● Available data:

------------

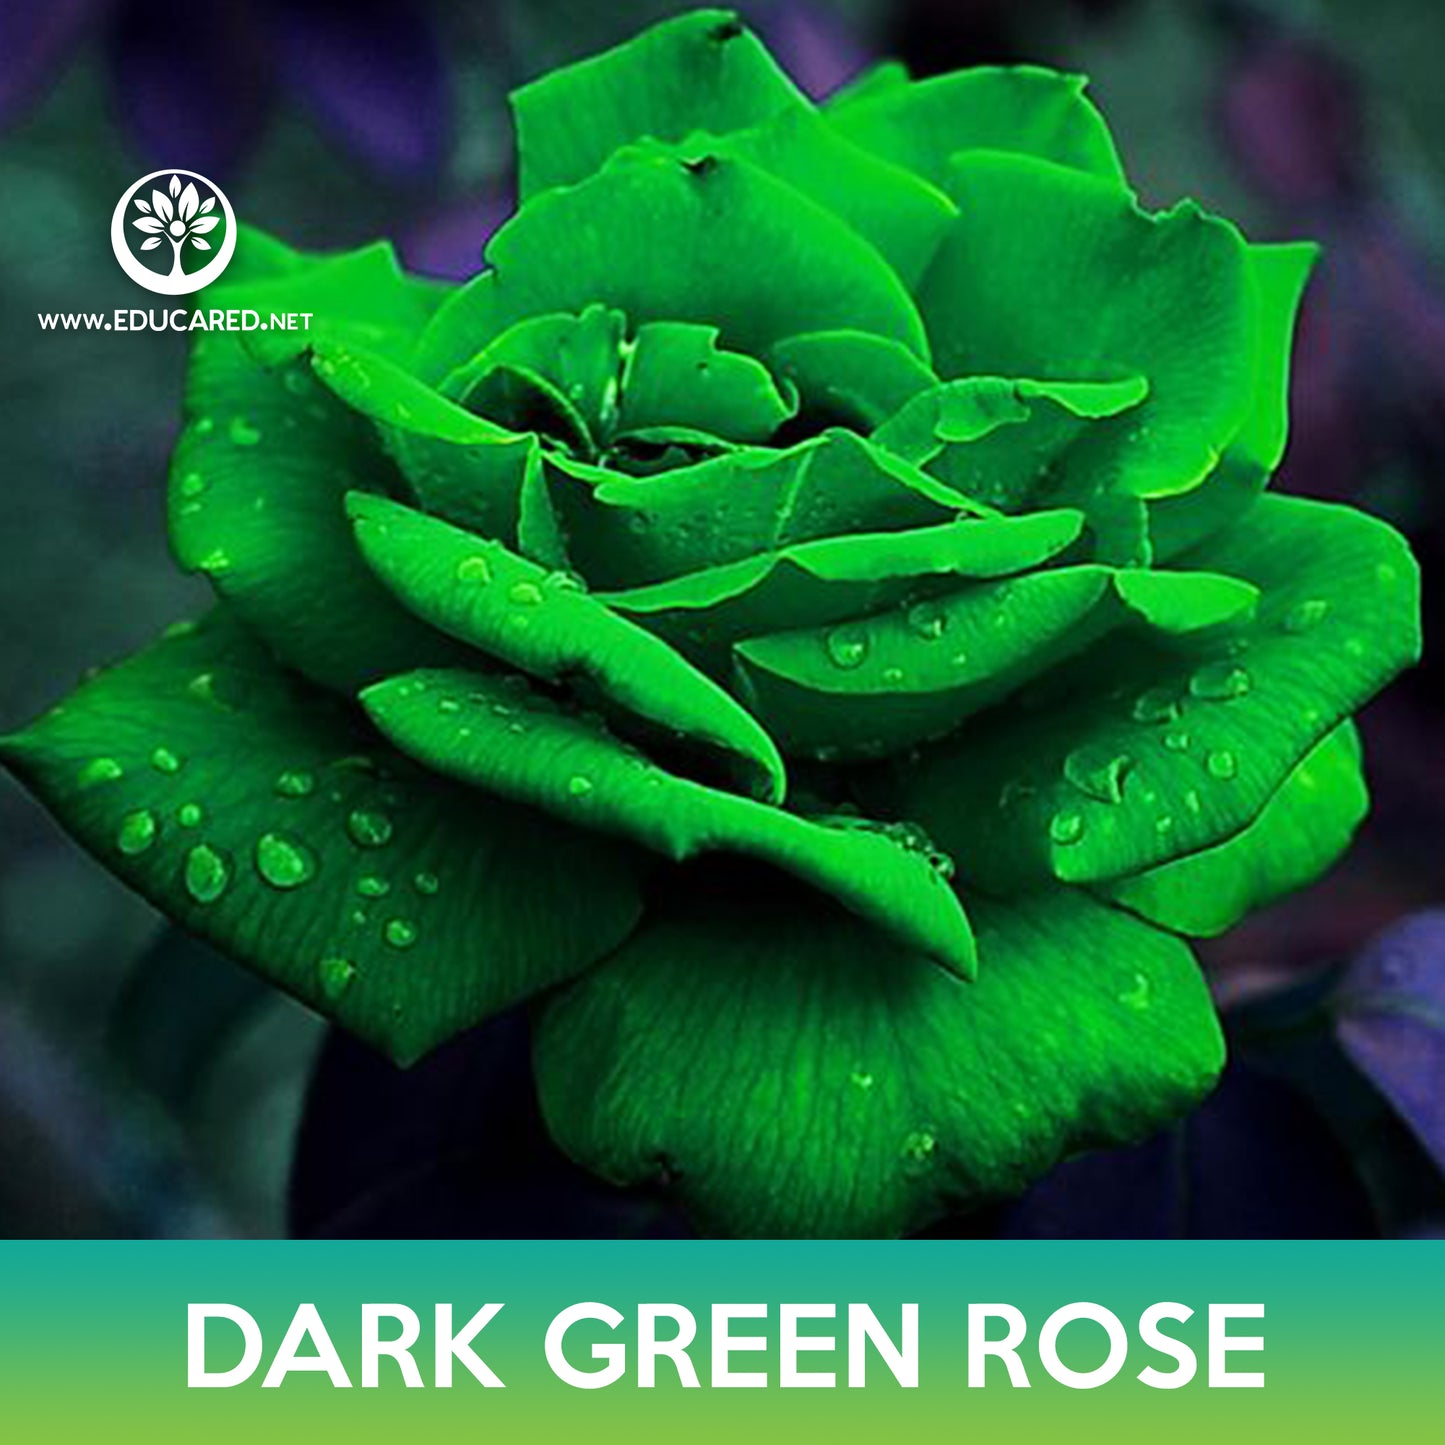 Dark Green Rose Seeds
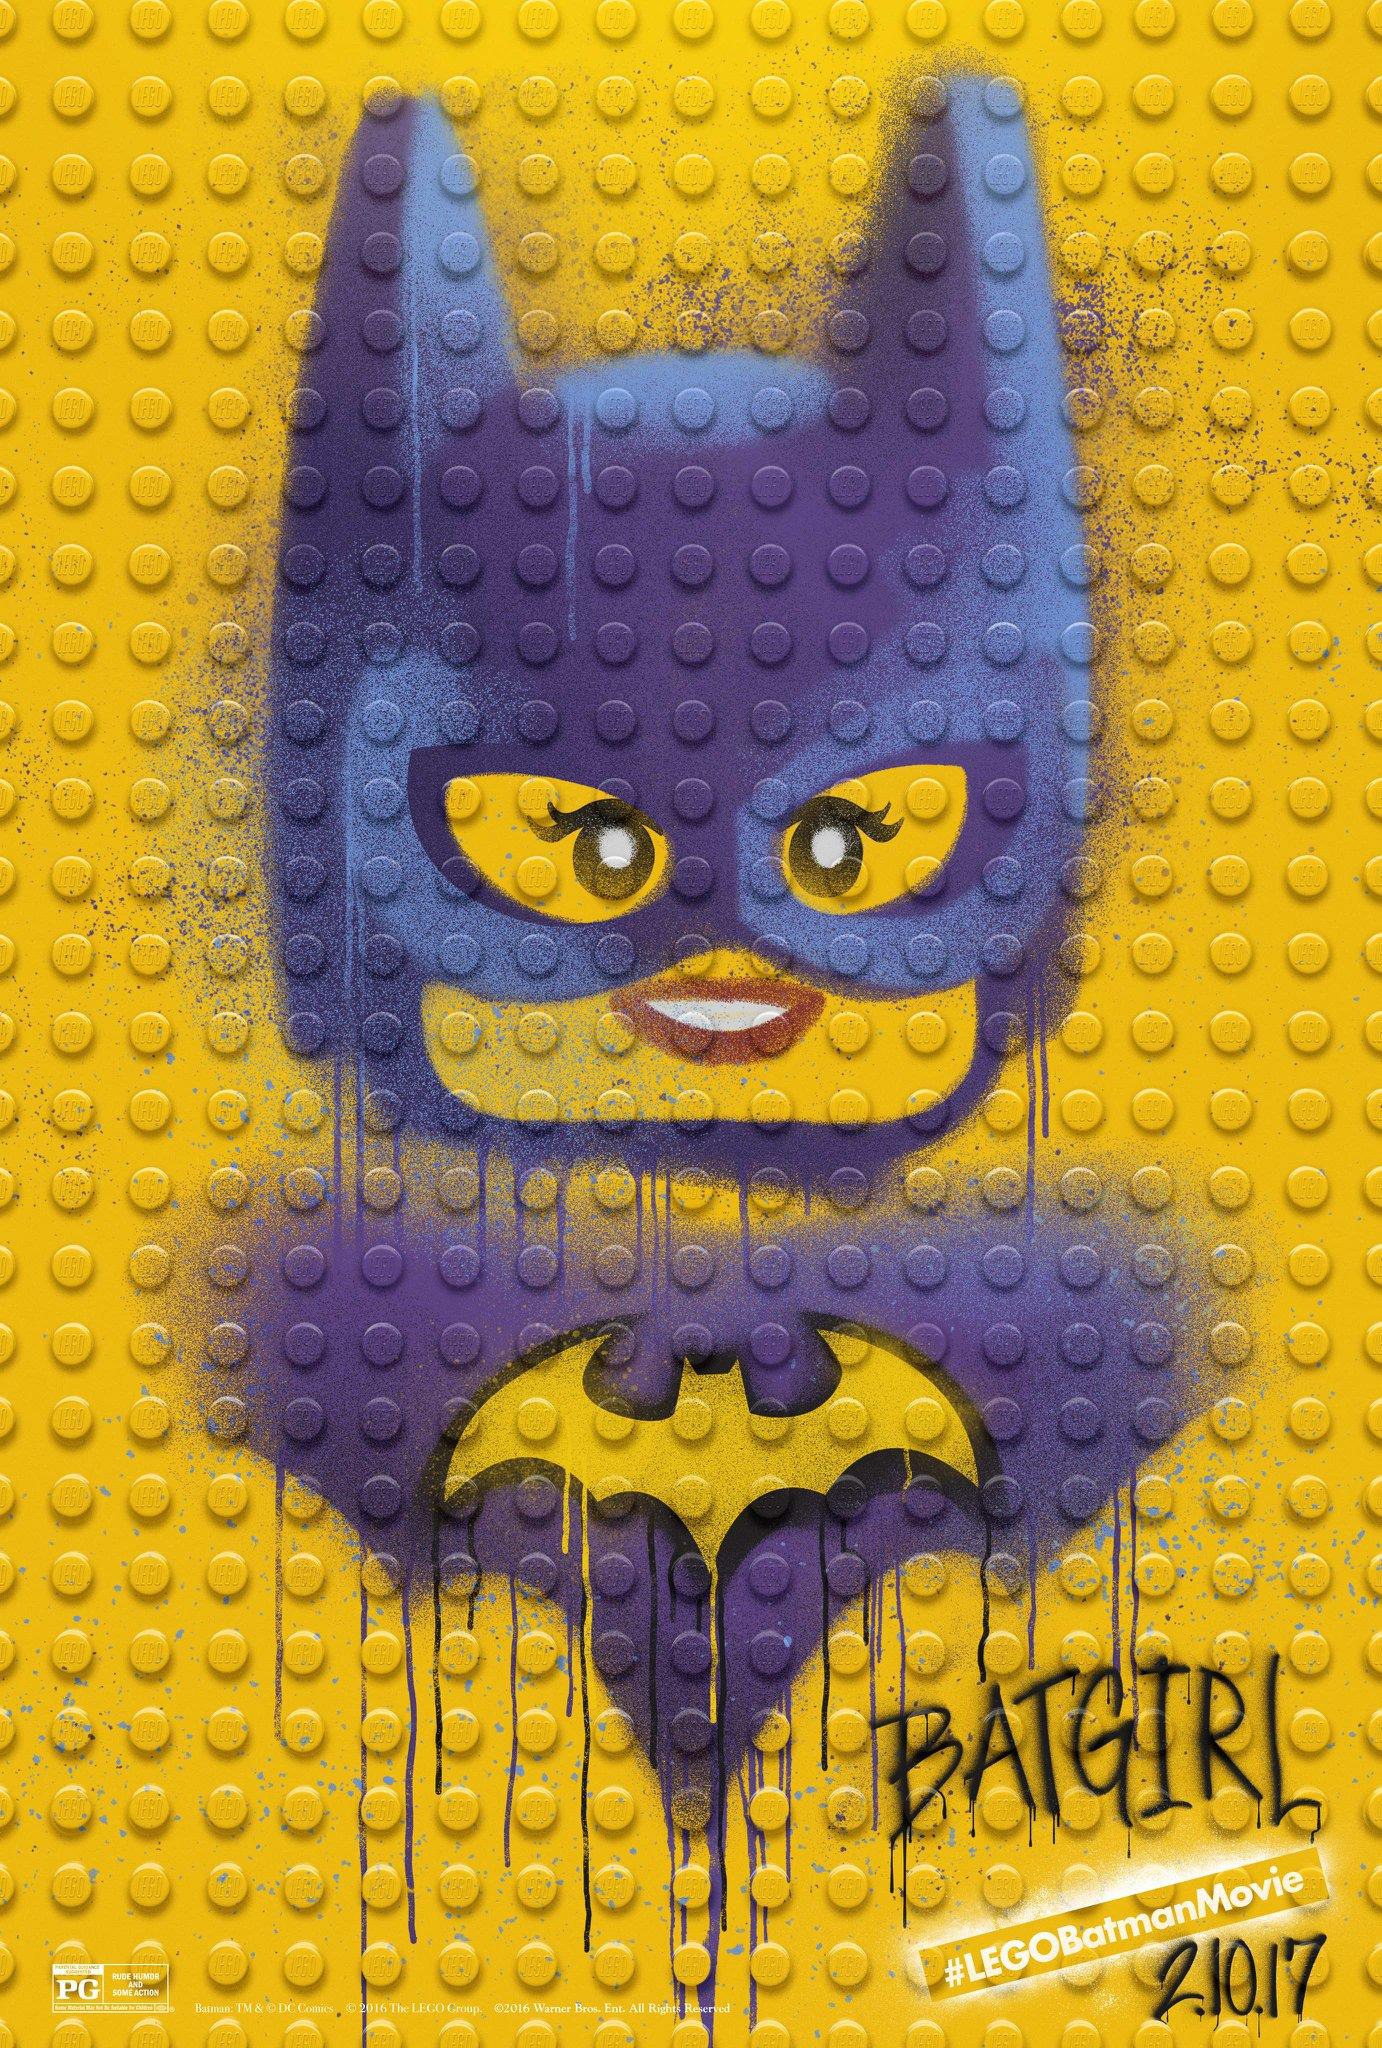 Mega Sized Movie Poster Image for The Lego Batman Movie (#14 of 27)
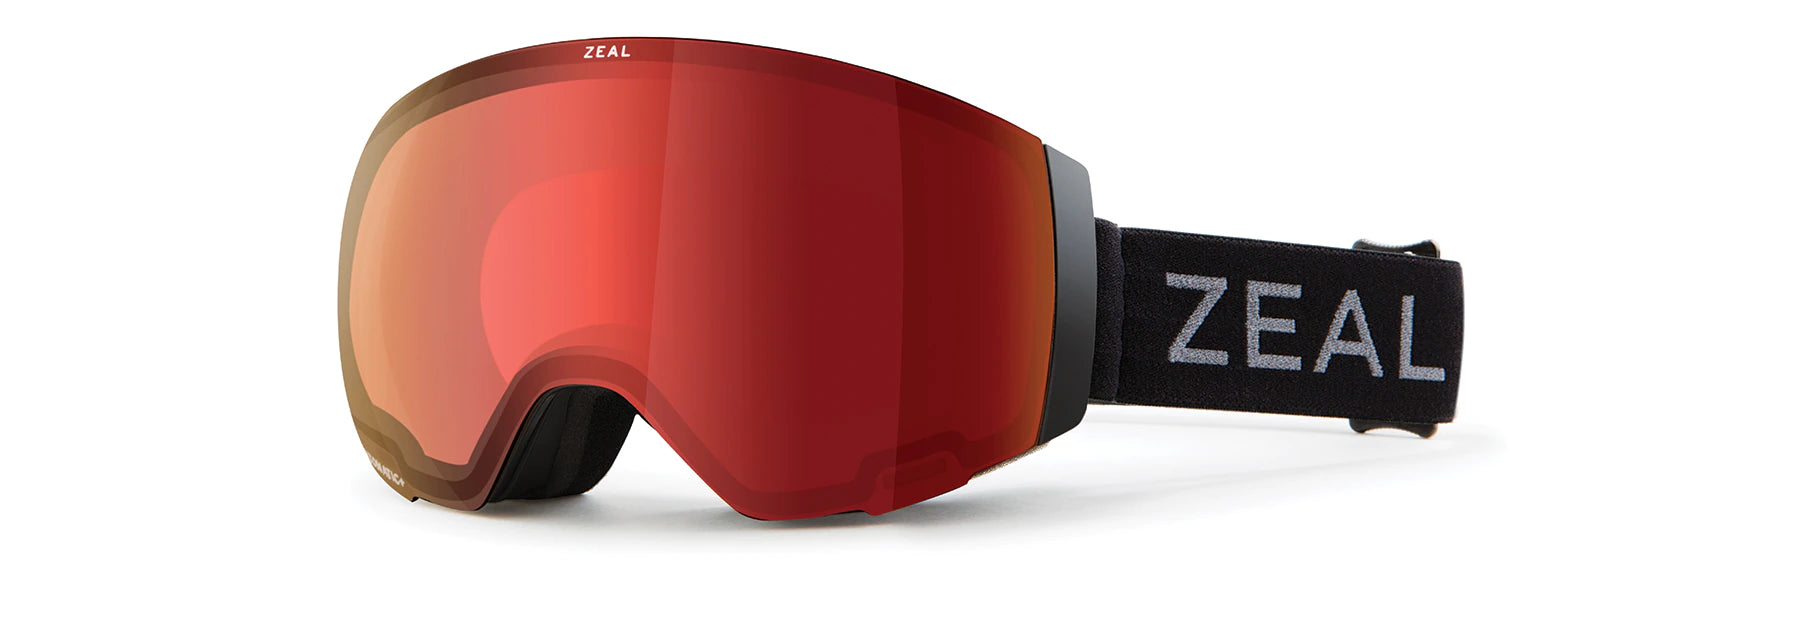 Zeal- Portal RLS Ski & Snowboard Goggles w/ Bonus Lens
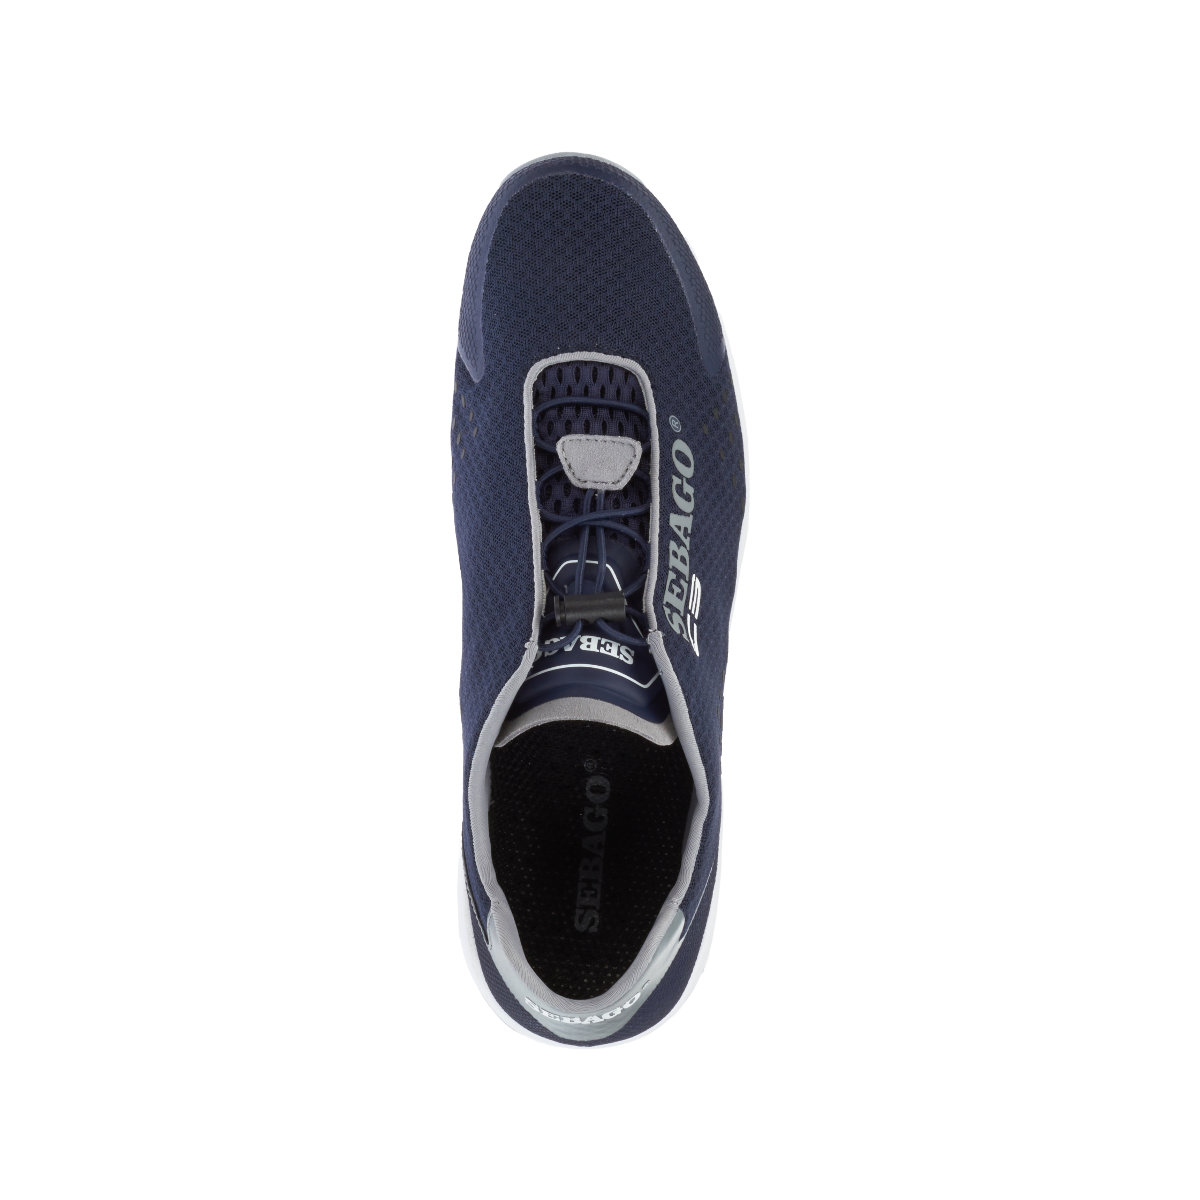 Sebago Cyphon Sea Sport chaussures à voile homme navy, taille EU 43,5 (US 9,5)

------------

● Aim of the task: The line containing "Zeal- Portal RLS" and each line after it through the end of the listing above are to be written out exactly, without the pictures.

● Result for this exercise:
 Zeal- Portal RLS Ski & Snowboard Goggles w/ Bonus Lens
 Sebago Cyphon Sea Sport chaussures à voile homme navy, taille EU 43,5 (US 9,5)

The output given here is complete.